▸ **Dataset**:
■ ■ ■

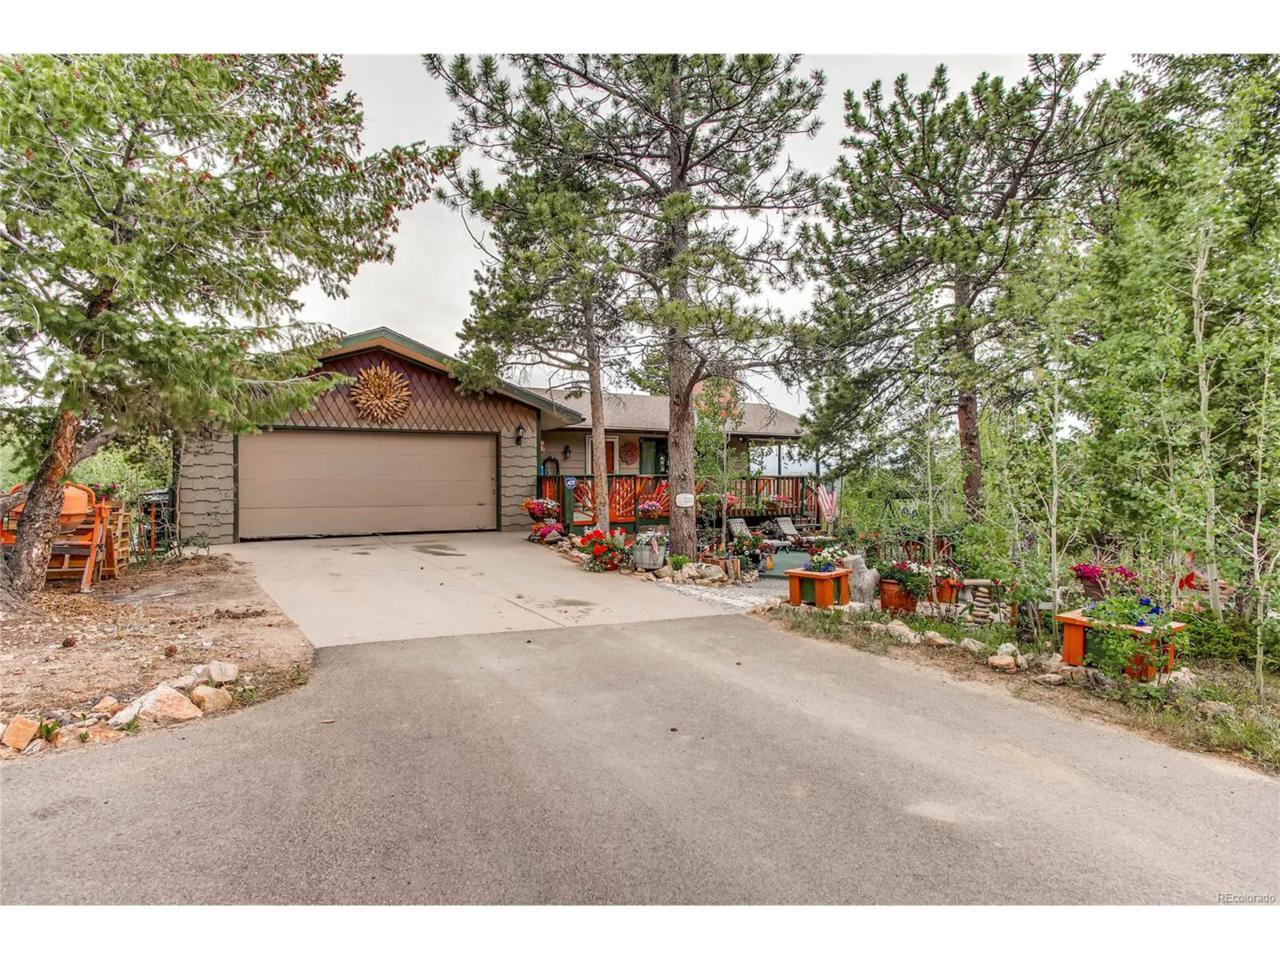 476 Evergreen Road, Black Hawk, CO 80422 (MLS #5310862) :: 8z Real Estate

■ ■ ■

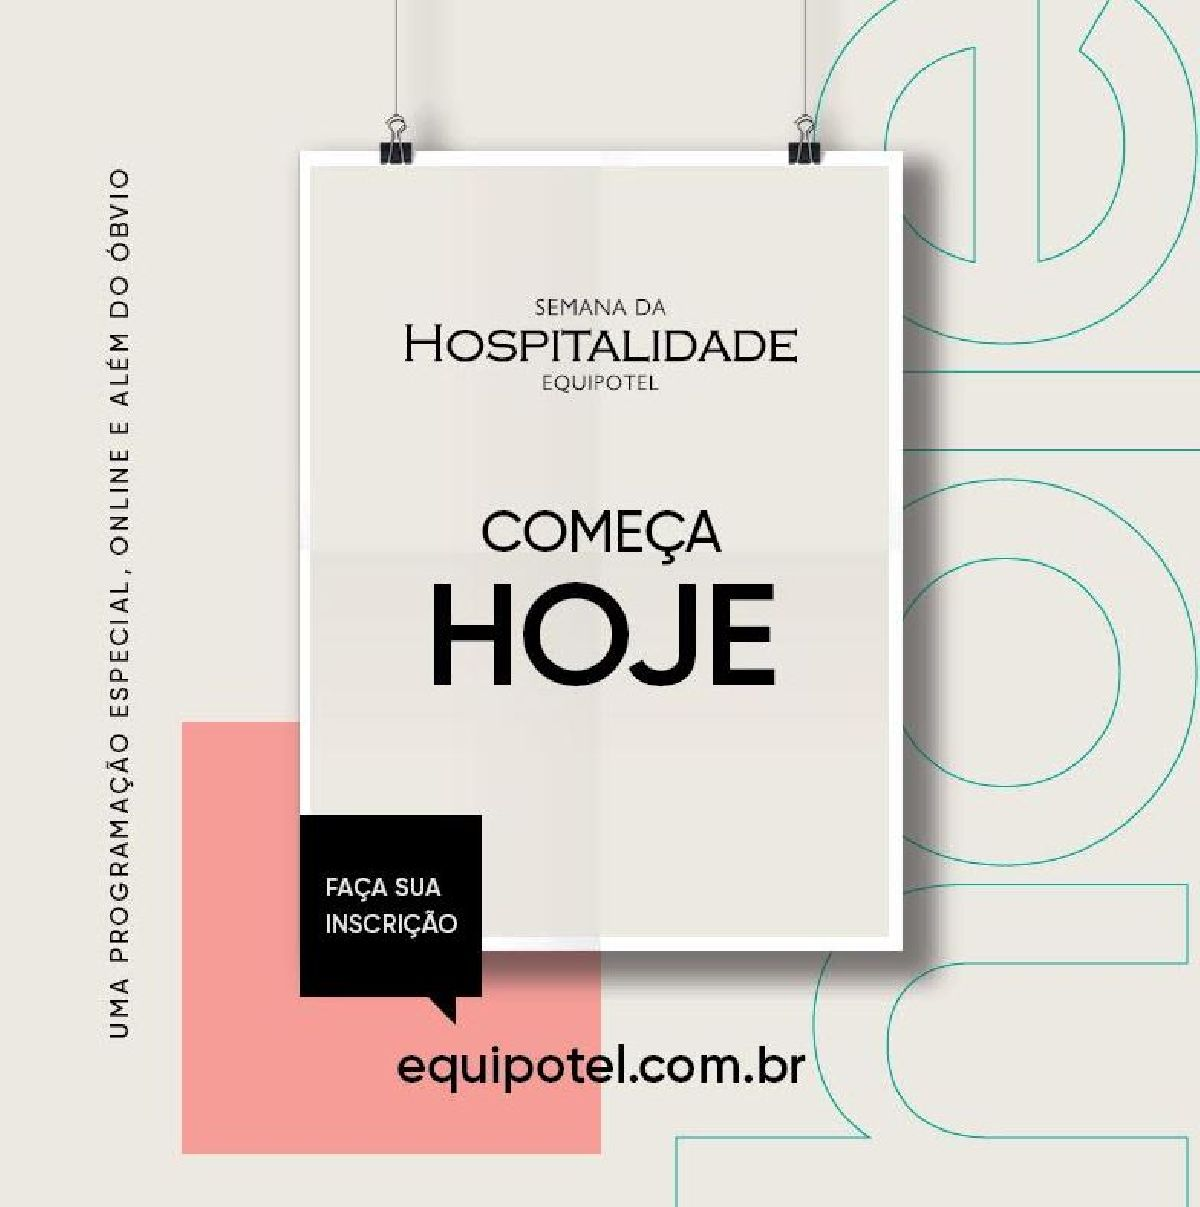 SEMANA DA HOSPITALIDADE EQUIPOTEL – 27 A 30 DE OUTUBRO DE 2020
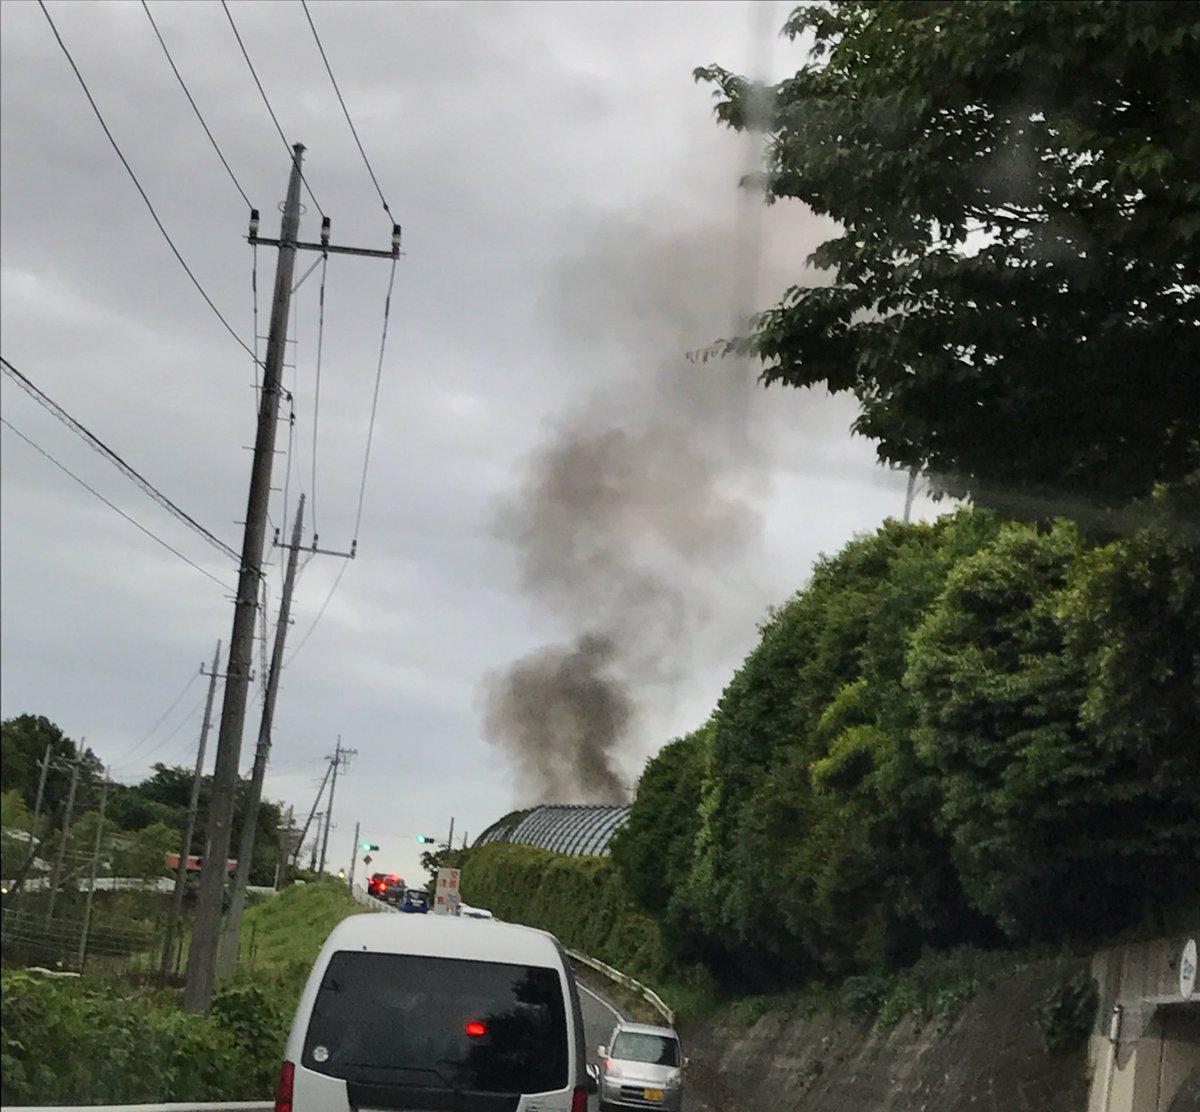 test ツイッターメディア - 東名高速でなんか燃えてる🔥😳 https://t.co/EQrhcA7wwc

■ ■ ■

▸ **What is required**:
Retype, exactly and with no pictures, everything above from the line with "SEMANA DA HOSPITALIDADE" down to the line with "test ツイッターメディア - 東名高速でなんか燃えてる🔥😳", both included.

▸ **Task solution**:
 SEMANA DA HOSPITALIDADE EQUIPOTEL – 27 A 30 DE OUTUBRO DE 2020
 test ツイッターメディア - 東名高速でなんか燃えてる🔥😳 https://t.co/EQrhcA7wwc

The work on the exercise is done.